* What you need to do: Transcribe the listing below in full, exactly, with no images.

━━━ Given information

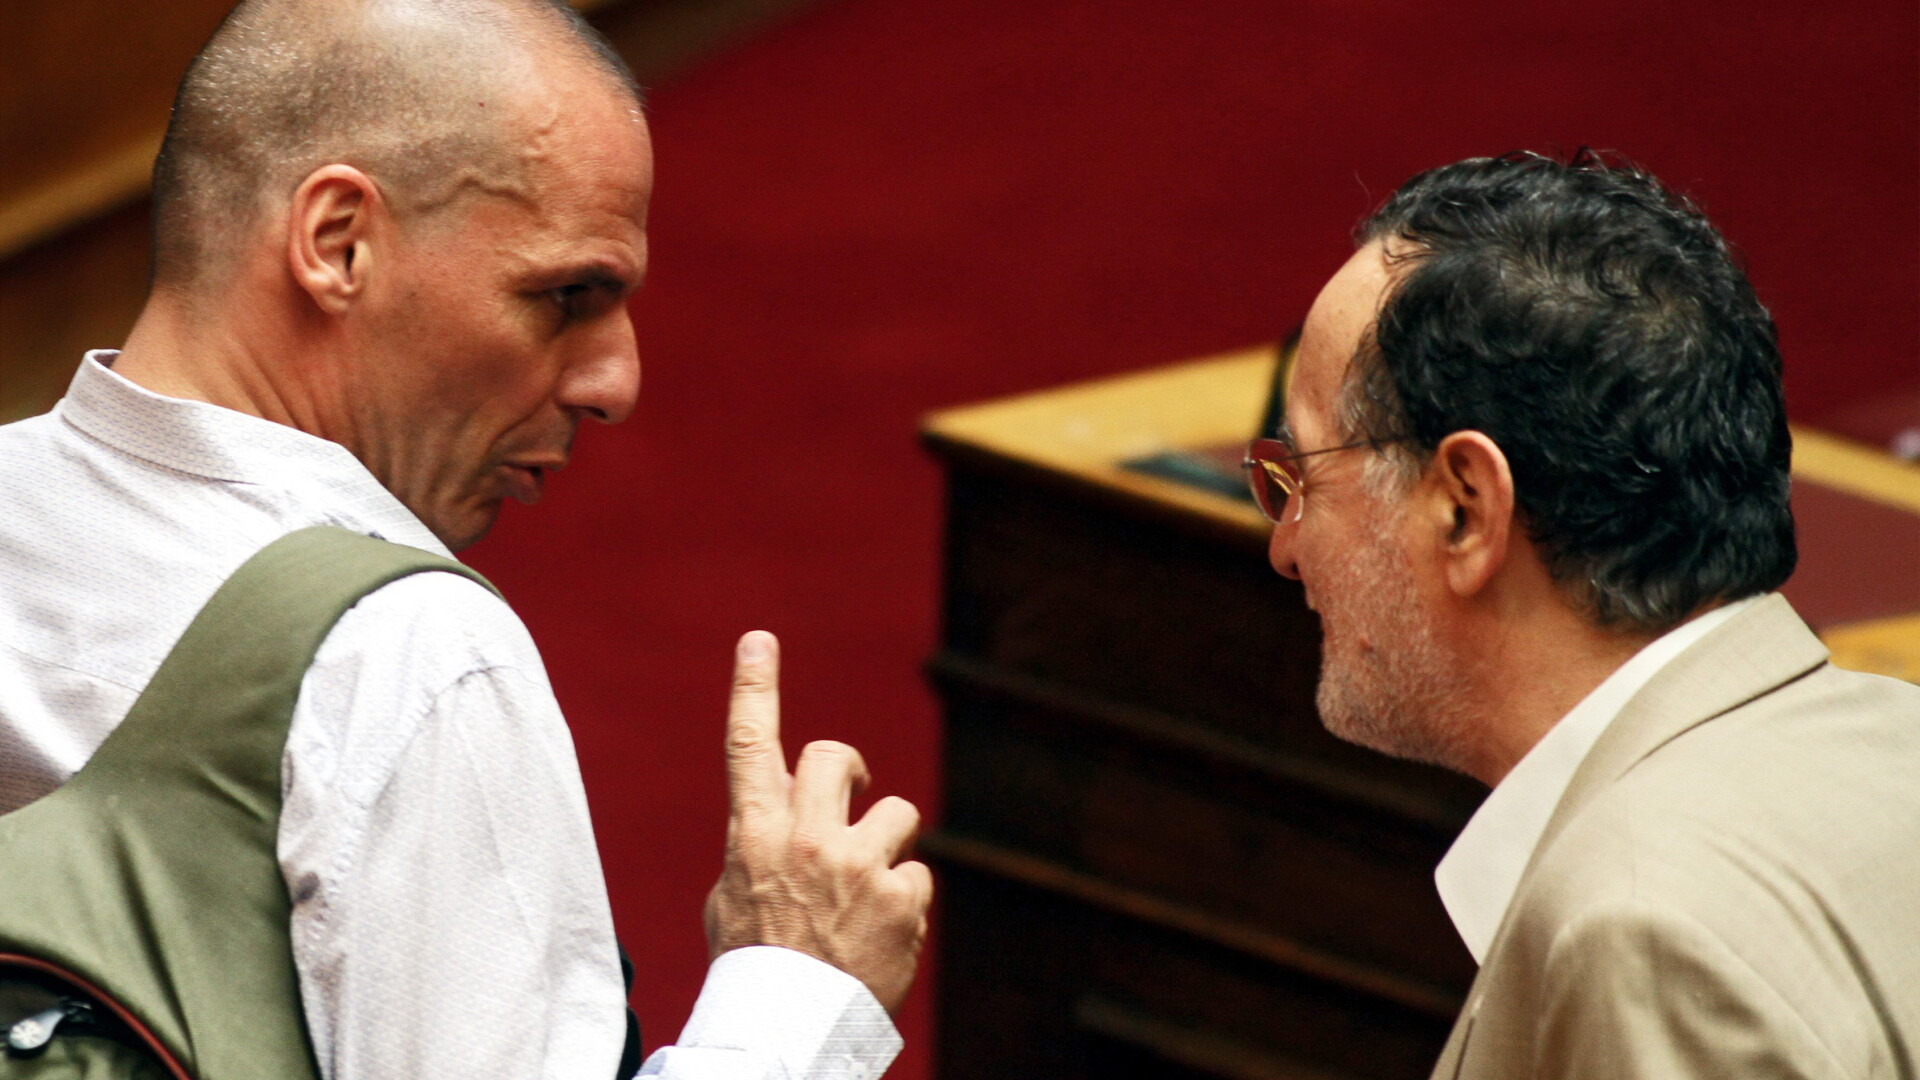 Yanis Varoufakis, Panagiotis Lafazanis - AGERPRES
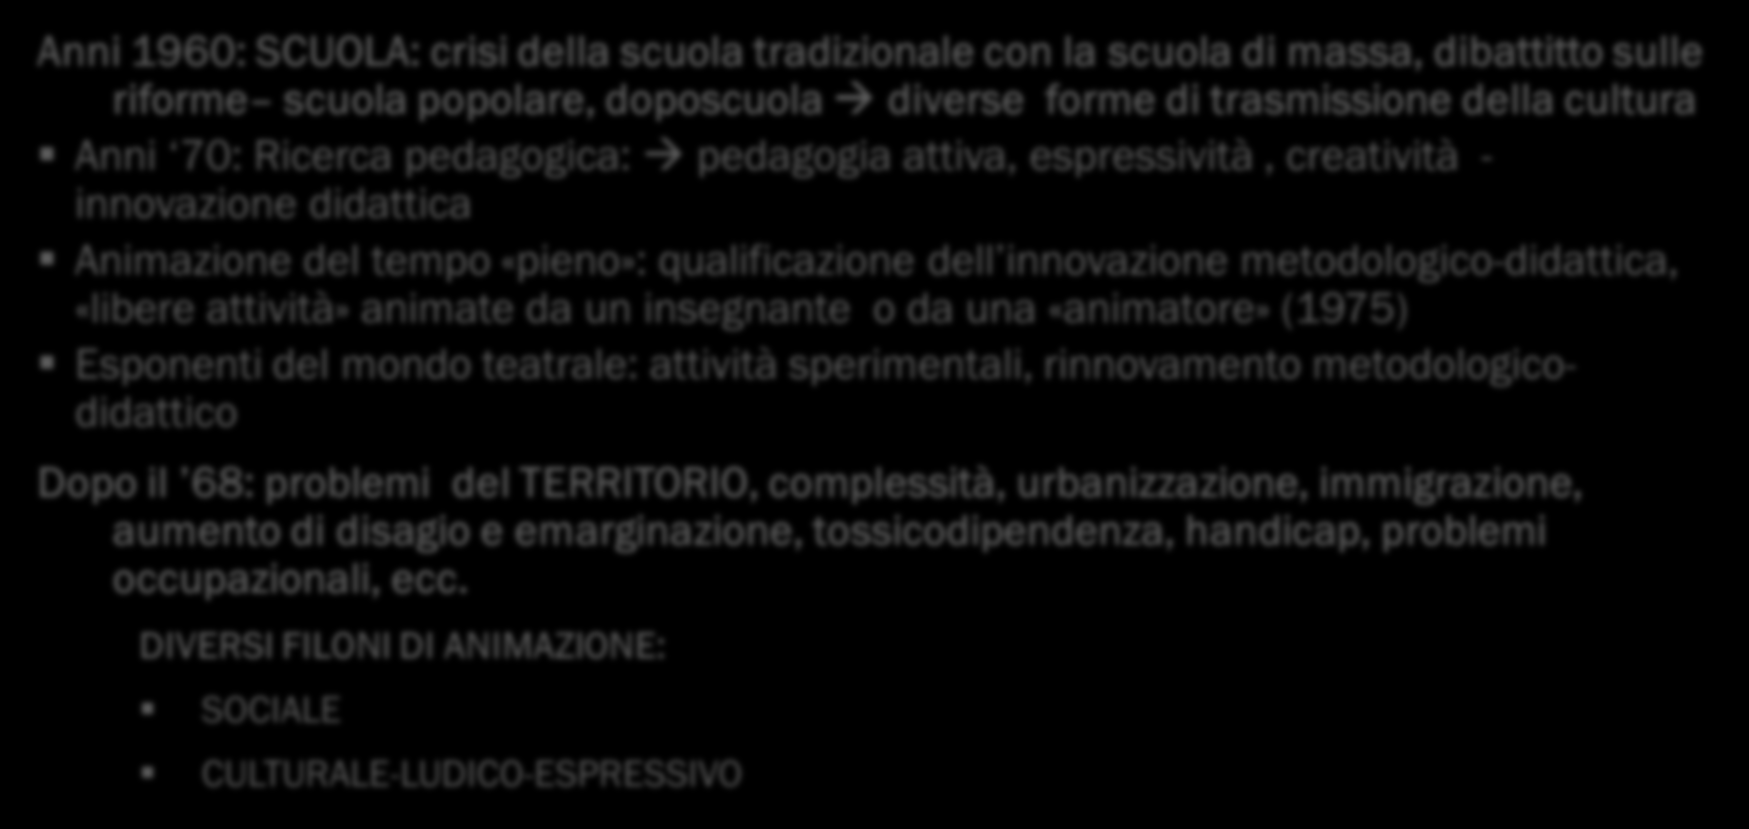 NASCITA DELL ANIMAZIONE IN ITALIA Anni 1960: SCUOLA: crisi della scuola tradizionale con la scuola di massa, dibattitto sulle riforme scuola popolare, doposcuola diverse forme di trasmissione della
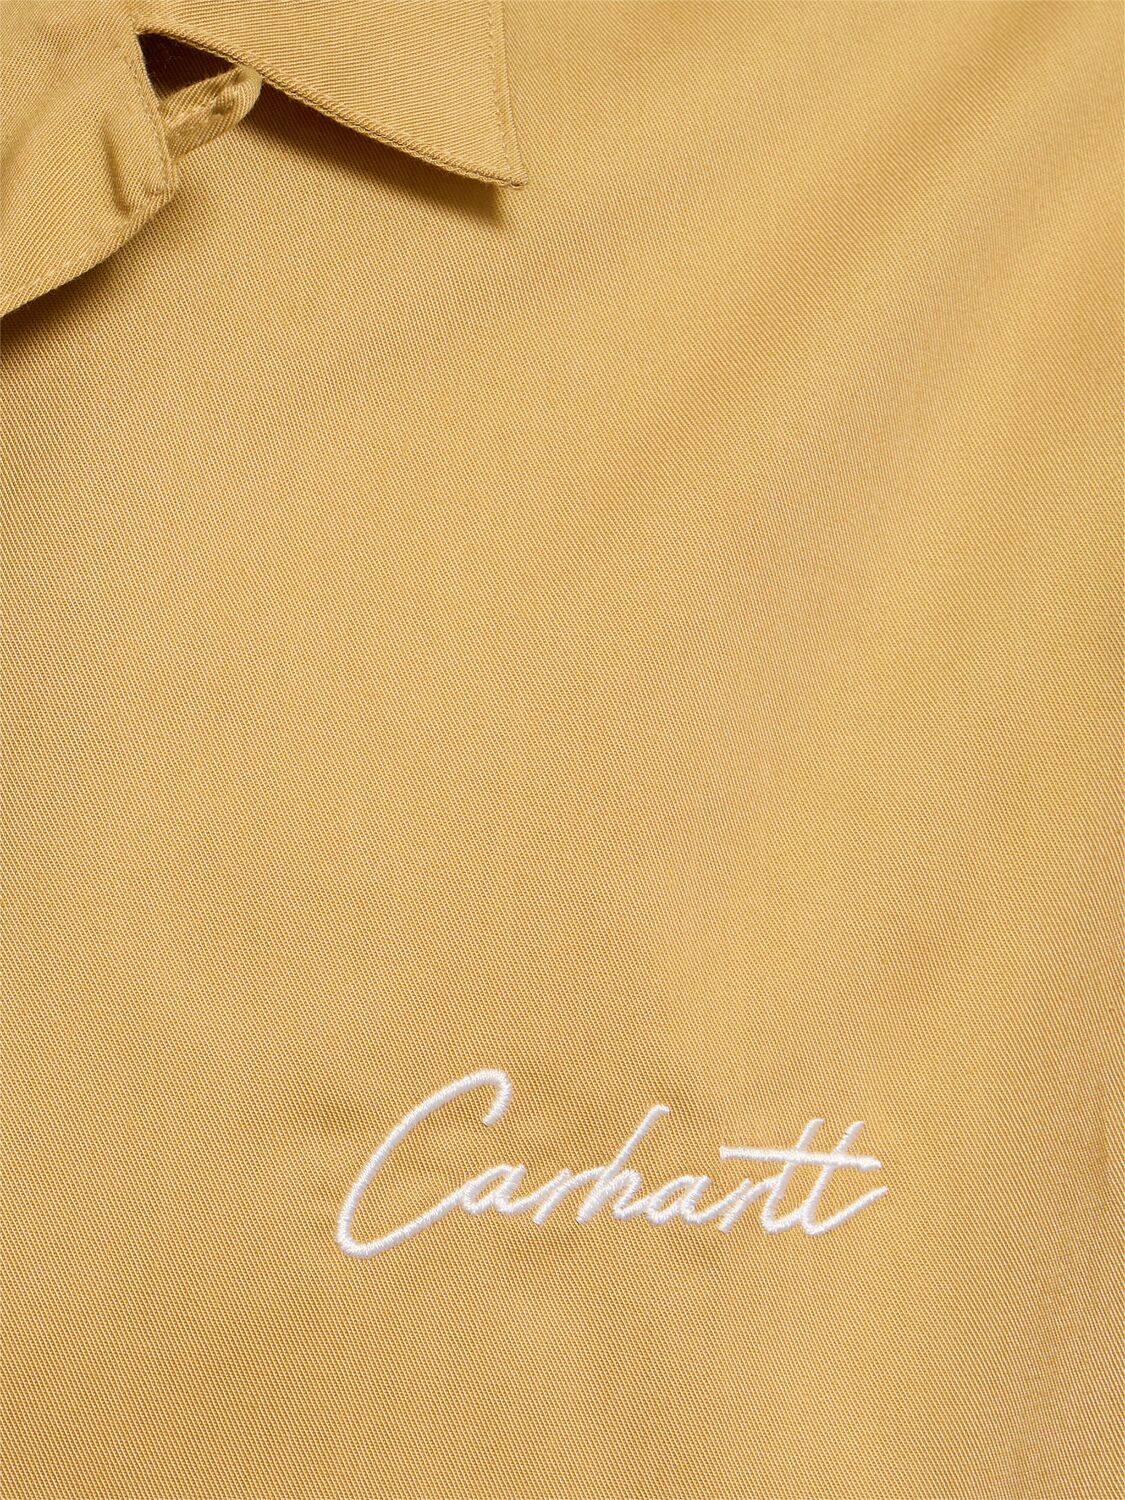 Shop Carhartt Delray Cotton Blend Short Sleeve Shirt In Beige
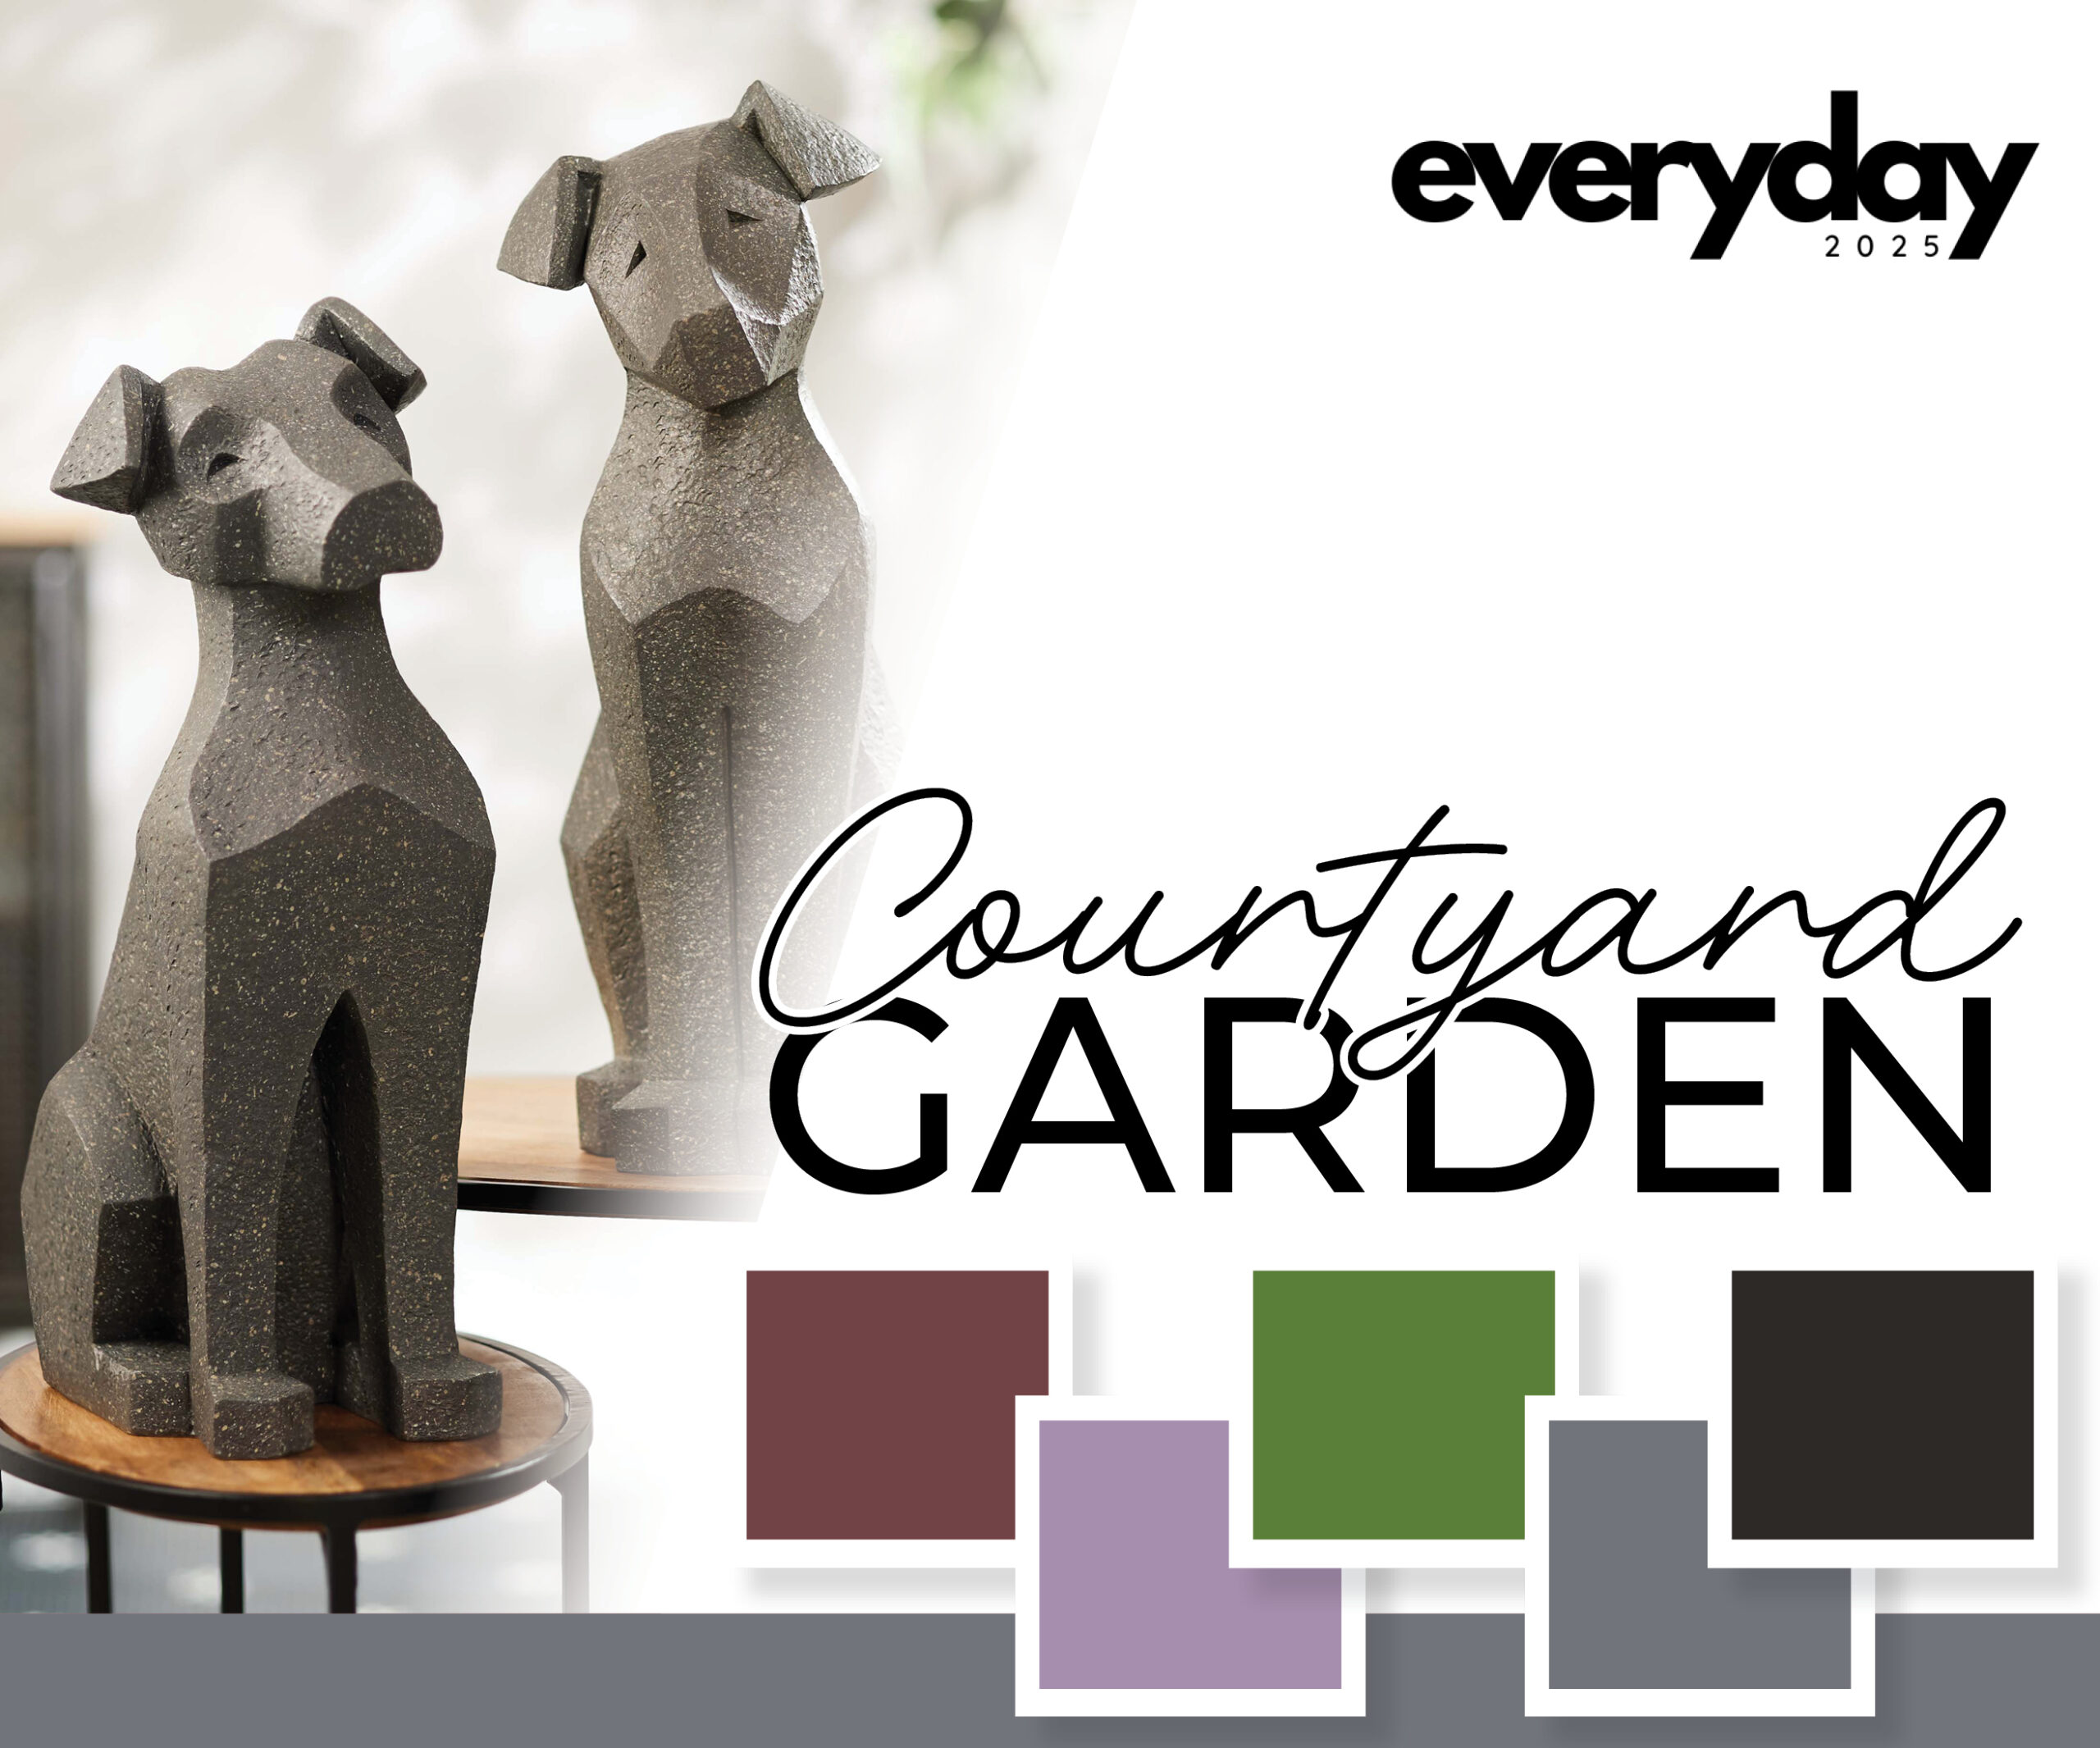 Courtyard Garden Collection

━━━━━━

* Completed task:
 Yanis Varoufakis, Panagiotis Lafazanis - AGERPRES
 NASCITA DELL ANIMAZIONE IN ITALIA Anni 1960: SCUOLA: crisi della scuola tradizionale con la scuola di massa, dibattitto sulle riforme scuola popolare, doposcuola diverse forme di trasmissione della
 Shop Carhartt Delray Cotton Blend Short Sleeve Shirt In Beige
 Courtyard Garden Collection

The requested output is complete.